NASHVILLE, Tenn.>> In Orchard Park, N.Y., this past January, just as tight end Travis Kelce caught a touchdown pass to help the Kansas City Chiefs take the lead in a playoff game against the Buffalo Bills, the real action for many fans watching at home was high above the field. There, in a crowded luxury box, Kelce’s brother, the burly Philadelphia Eagles offensive lineman Jason Kelce, was dancing shirtless and chugging a beer, as Travis’ girlfriend, Taylor Swift, looked on in a combination of amusement and astonishment.
That scene spread quickly online — it was even featured on the Hot Topics segment of “The View” — and Jason Kelce has since become something of a social media star. Building on the success of the podcast the brothers host and the Campbell’s Soup commercials they have starred in with their mother, he has appeared in ads for hot sauce, charcoal and other products.
But since retiring from the NFL in March, what happens for Jason Kelce off-mic and off-camera has become increasingly important. He is one of more than 200 professional athletes who have invested $50,000 to $500,000 in consumer brands like Bazooka, Cholula and Top Golf through a private equity firm called Patricof Co. Since 2019, Kelce has personally invested in 20 companies, including some of the ones he represents in ads.
That’s why in May, Kelce, 36, woke before dawn at his home in Philadelphia and flew to Nashville, Tenn., to film a commercial where he played a mock quality control manager for a moonshine brand that Kelce invests in. Wearing an Ole Smoky distillery T-shirt with the sleeves cut off, he tossed jars of moonshine to employees whom he pretended to train. A crew from Shadow Lion, the film company owned in part by retired quarterback Tom Brady, followed Kelce to a table, where he barked instructions at employees labeling bottles. “Pick up the pace,” he said before leading them in a chant: “Mash, ferment, condense, distill!”
A market opportunity
Private equity firms, which usually require investors to pony up $1 million or more, and professional athletes, who have not always been the best stewards of their wealth, may not seem to be the most natural of partners.

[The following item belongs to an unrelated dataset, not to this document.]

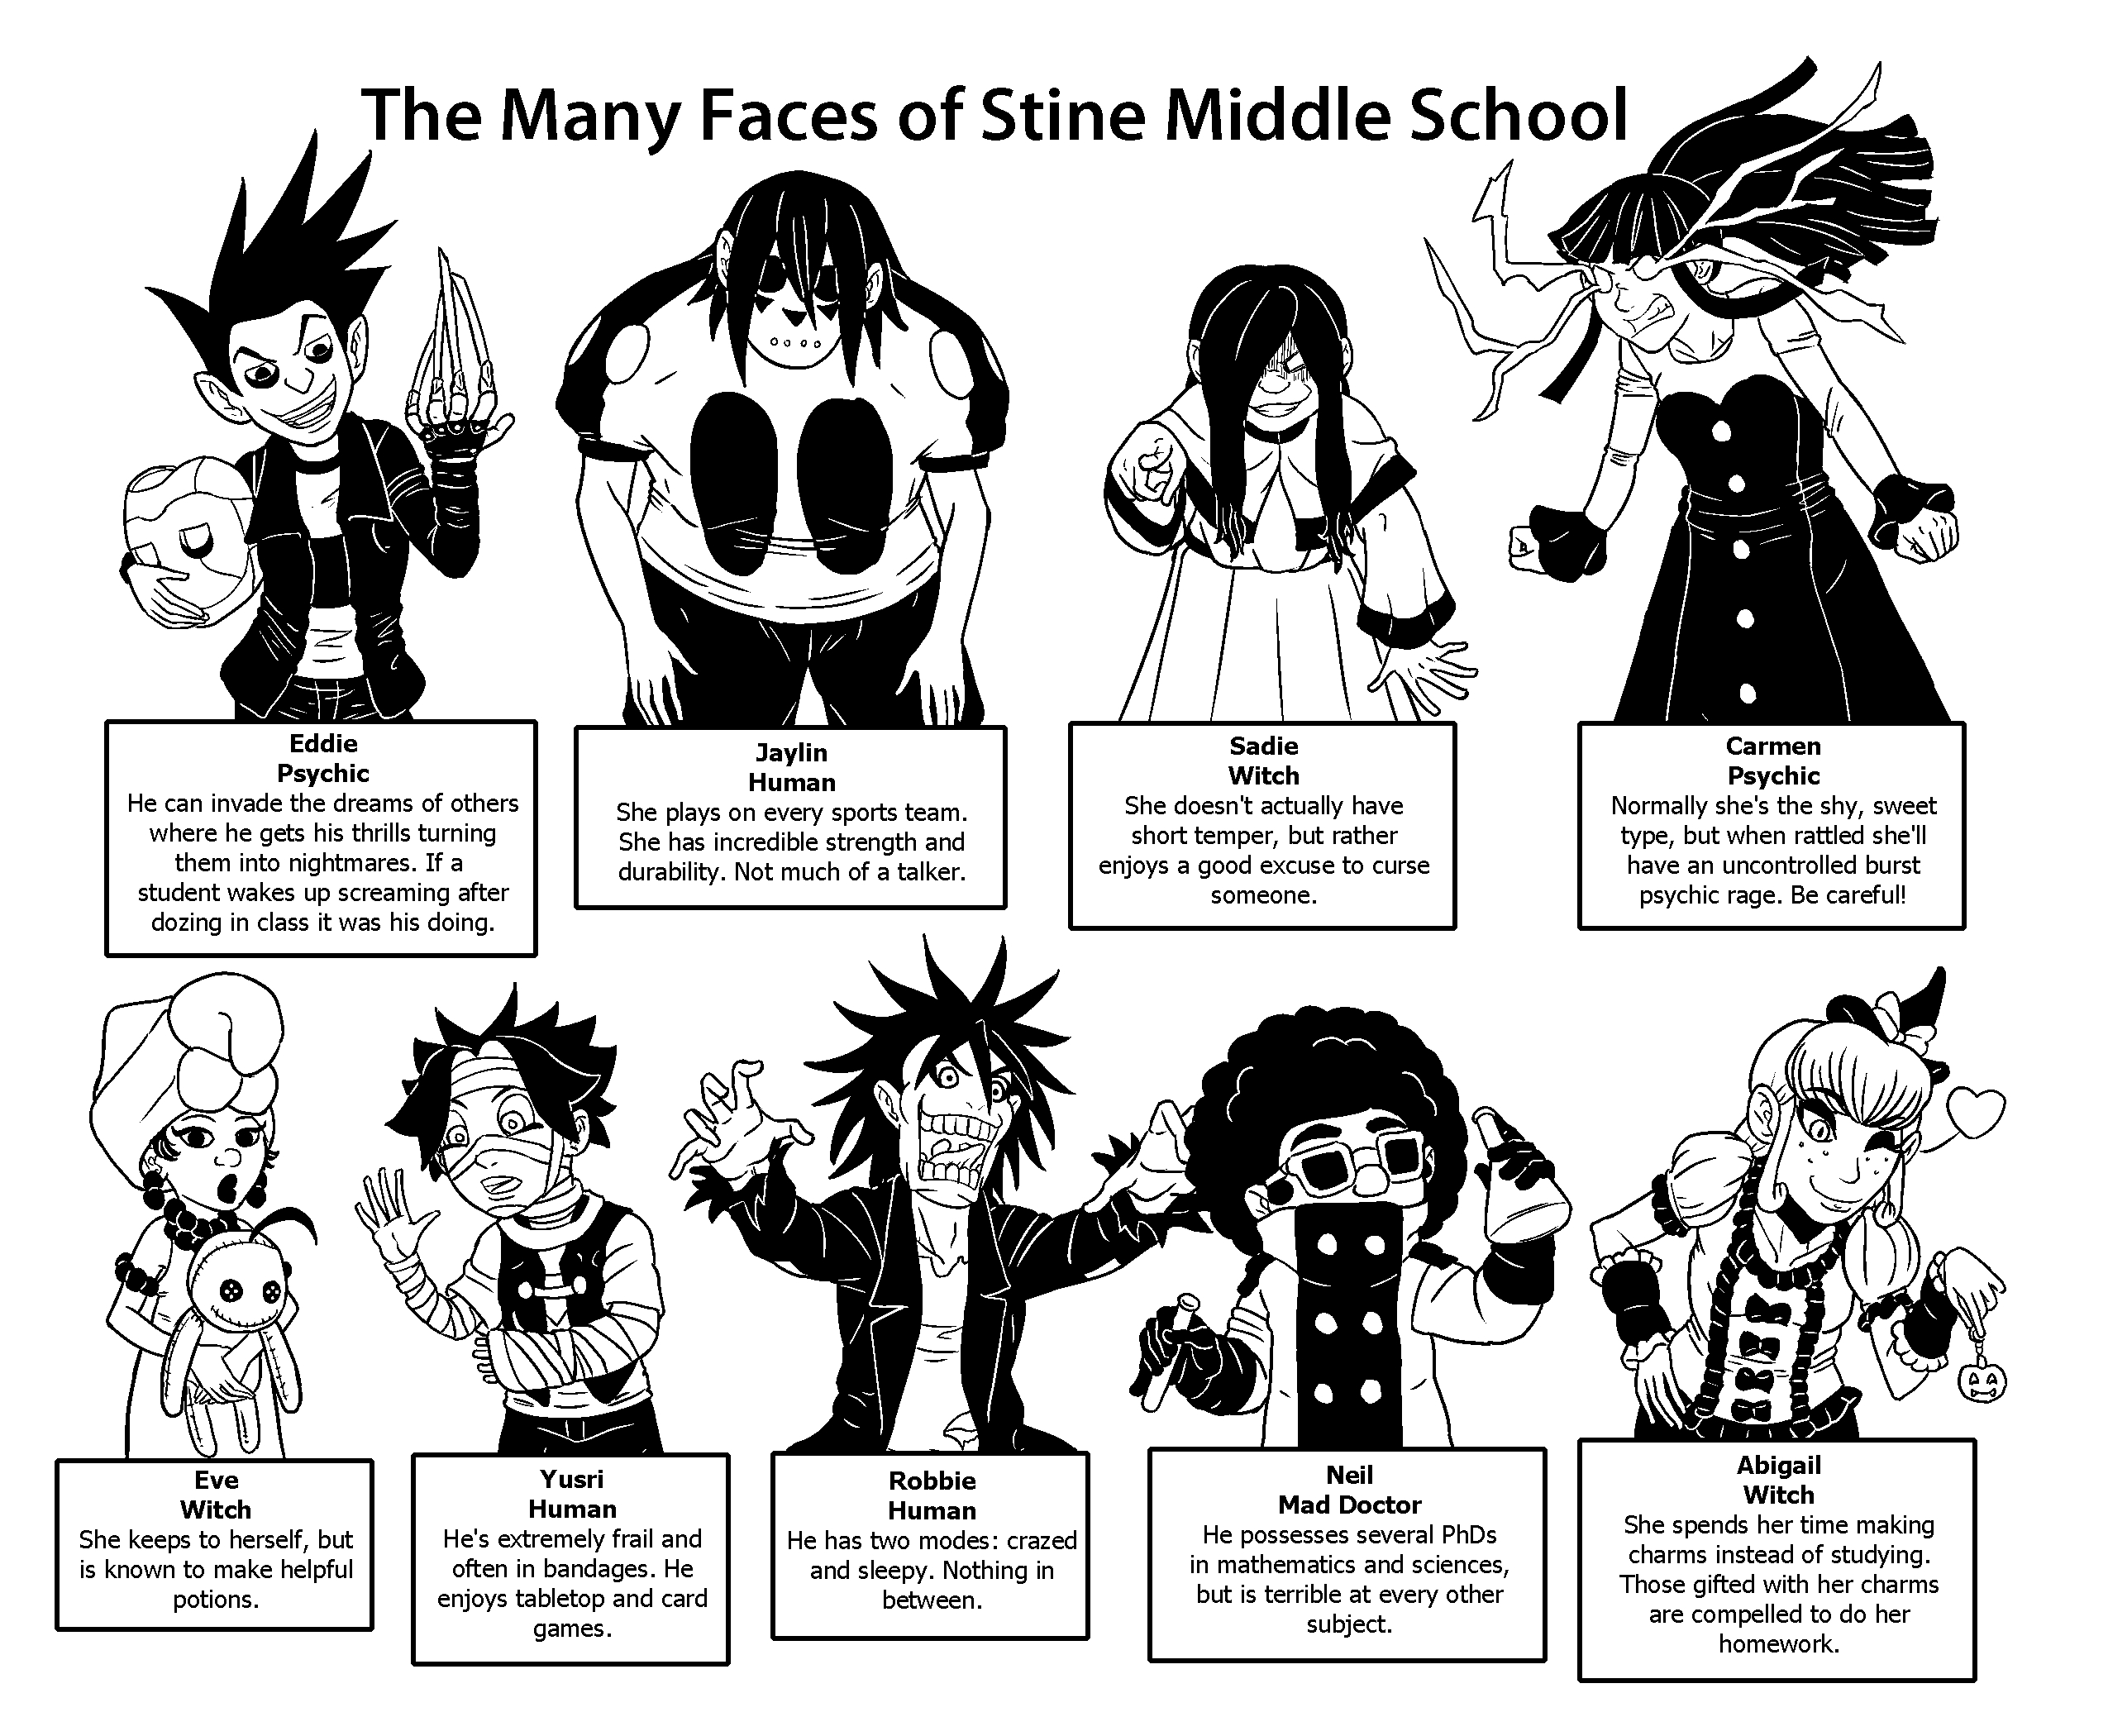 The Faces of Stine MS 2

While some superstar athletes like Brady, Shaquille O’Neal and Serena Williams are wealthy enough to get access to private equity deals, many professional athletes park most of their money in traditional investments like stocks and bonds. Some also make riskier bets on startups, restaurants and family businesses that can quickly turn sour.
Mark Patricof learned this during his two seasons as a co-host of “MVP,” or “Most Valuable Partner,” a streaming series with Rob Gronkowski, the former New England Patriots and Tampa Bay Buccaneers tight end. A “Shark Tank” for sports, the show featured entrepreneurs pitching their products to a panel of athletes, hoping they would become brand ambassadors. Patricof would chat with the panelists and discovered that they were steered away from private equity by advisers who, he believed, didn’t fully understand its benefits.

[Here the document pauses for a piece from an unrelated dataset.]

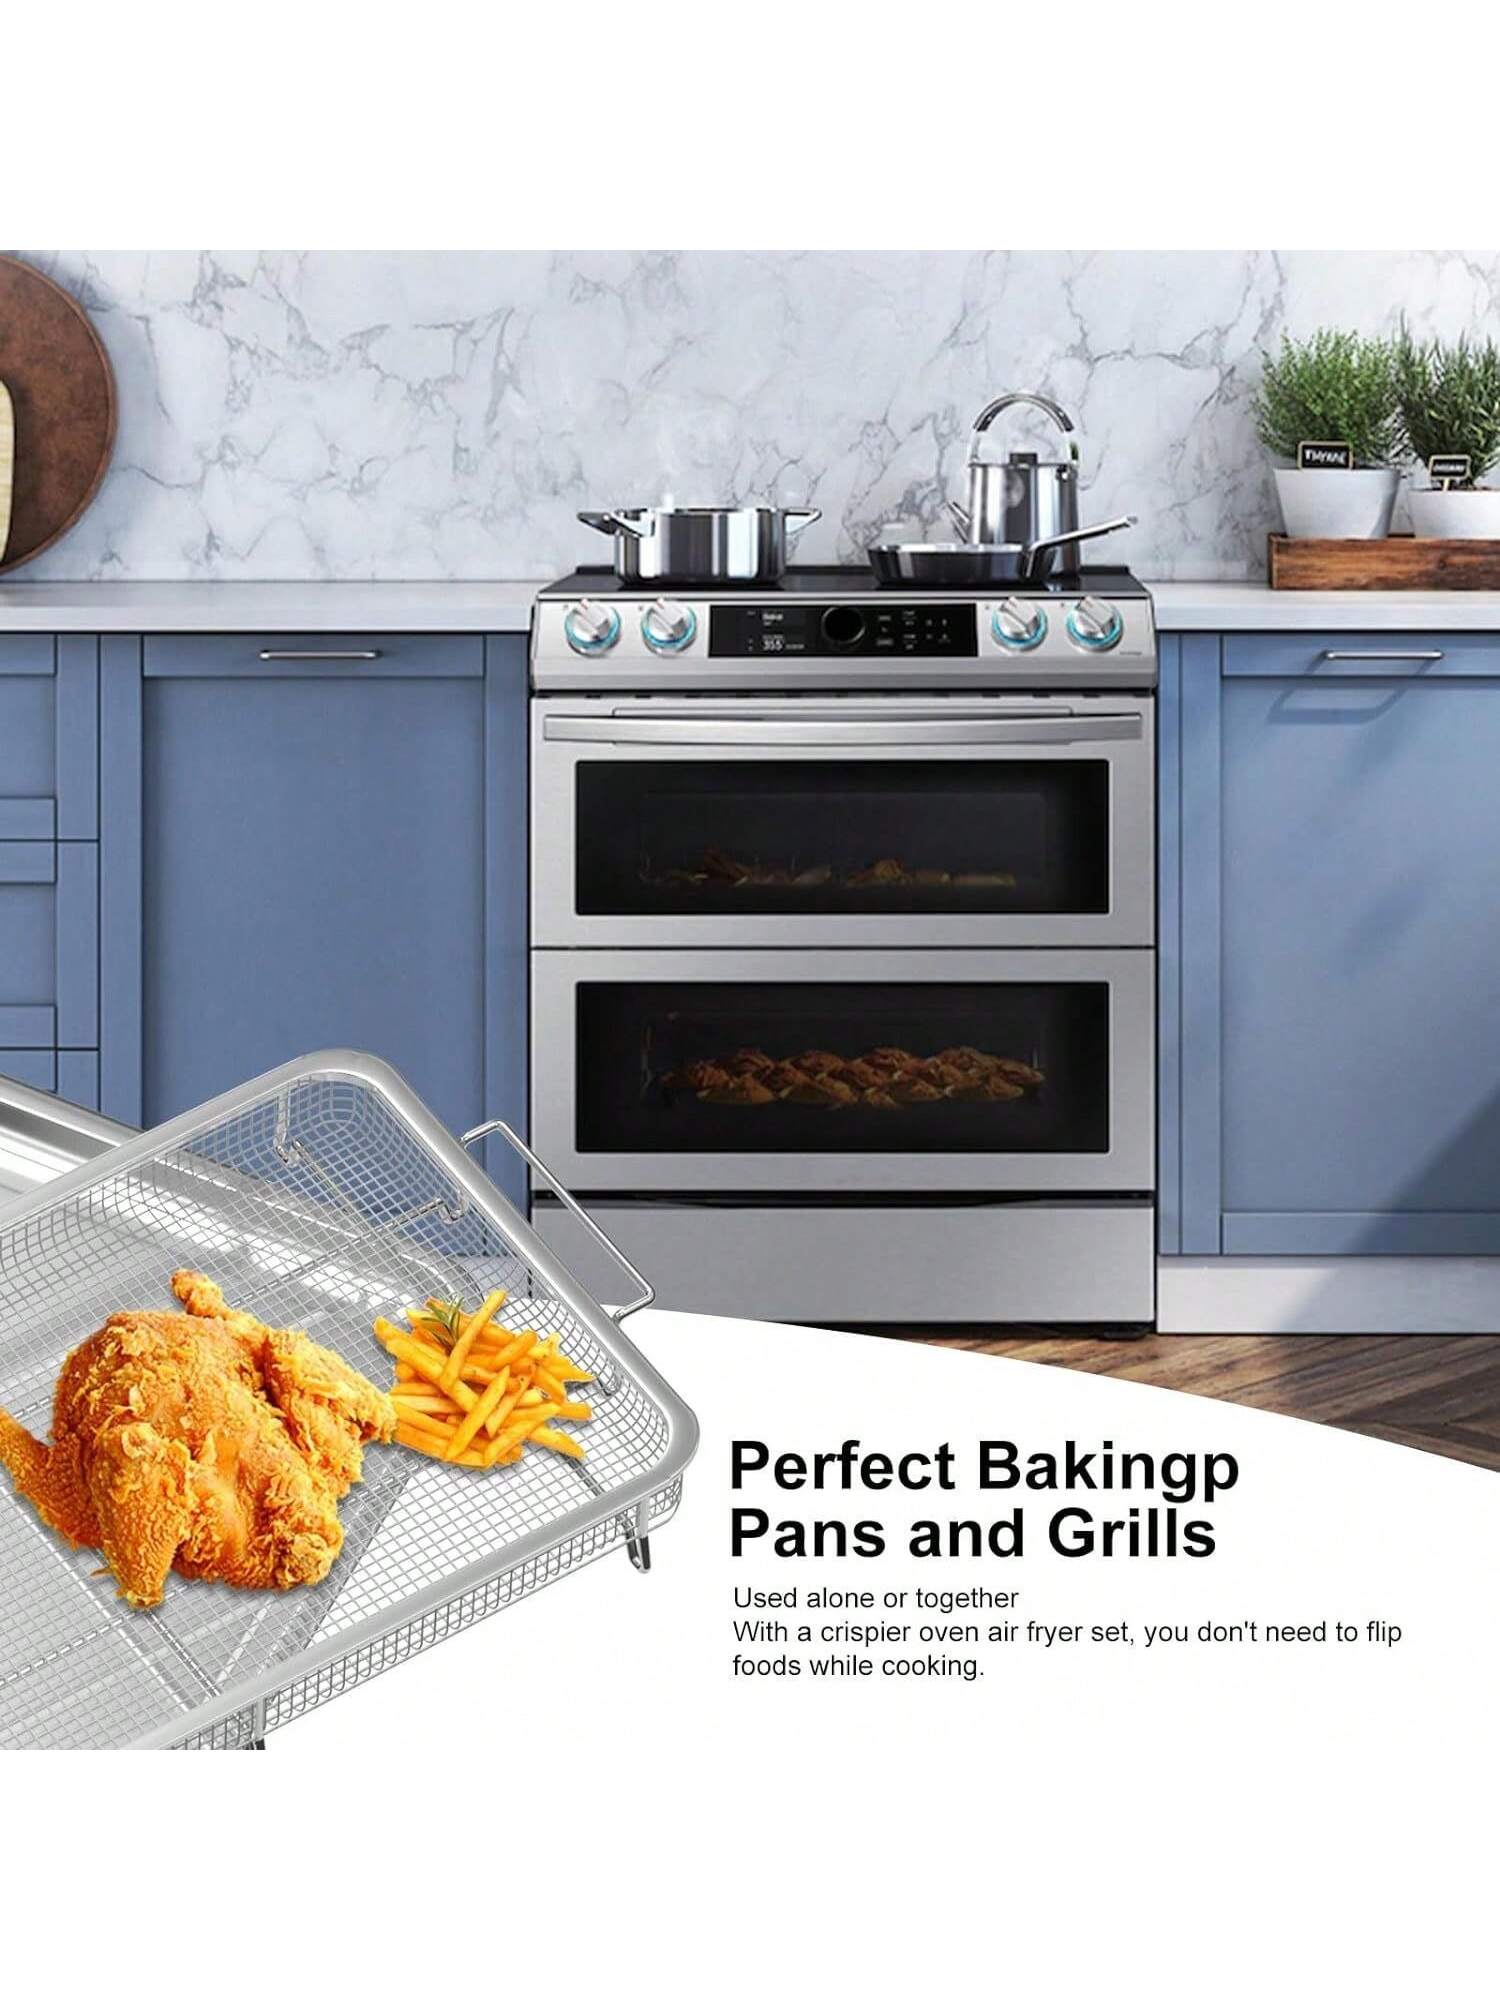 Extra Large Air Fryer Basket and Tray for Oven, 18.8'' x 13.3'' Stainless  Steel Crisper Tray and Basket for Convection Oven, Baking Pan Perfect for

“These guys had money and should be putting some percent of their net worth into private equity, so why were they so overexposed to these crazy deals,” Patricof recalled in an interview at his office in Manhattan. “What I got back was, ‘My wealth adviser doesn’t really want me to do any private deals.’ I figured out pretty quickly that in sports, you have the agent, the wealth manager and the best friend. You don’t have business managers.”
Patricof, a former media executive and investment banker and the son of pioneering venture capitalist and private equity investor Alan Patricof, decided there was a market opportunity there. His new firm sought out athletes who wanted to put 10% to 30% of their wealth into private equity deals. Wealth advisers and sports agencies have done this before, but often on a case-by-case basis. Patricof Co appears to be the first private equity firm dedicated entirely to this line of business.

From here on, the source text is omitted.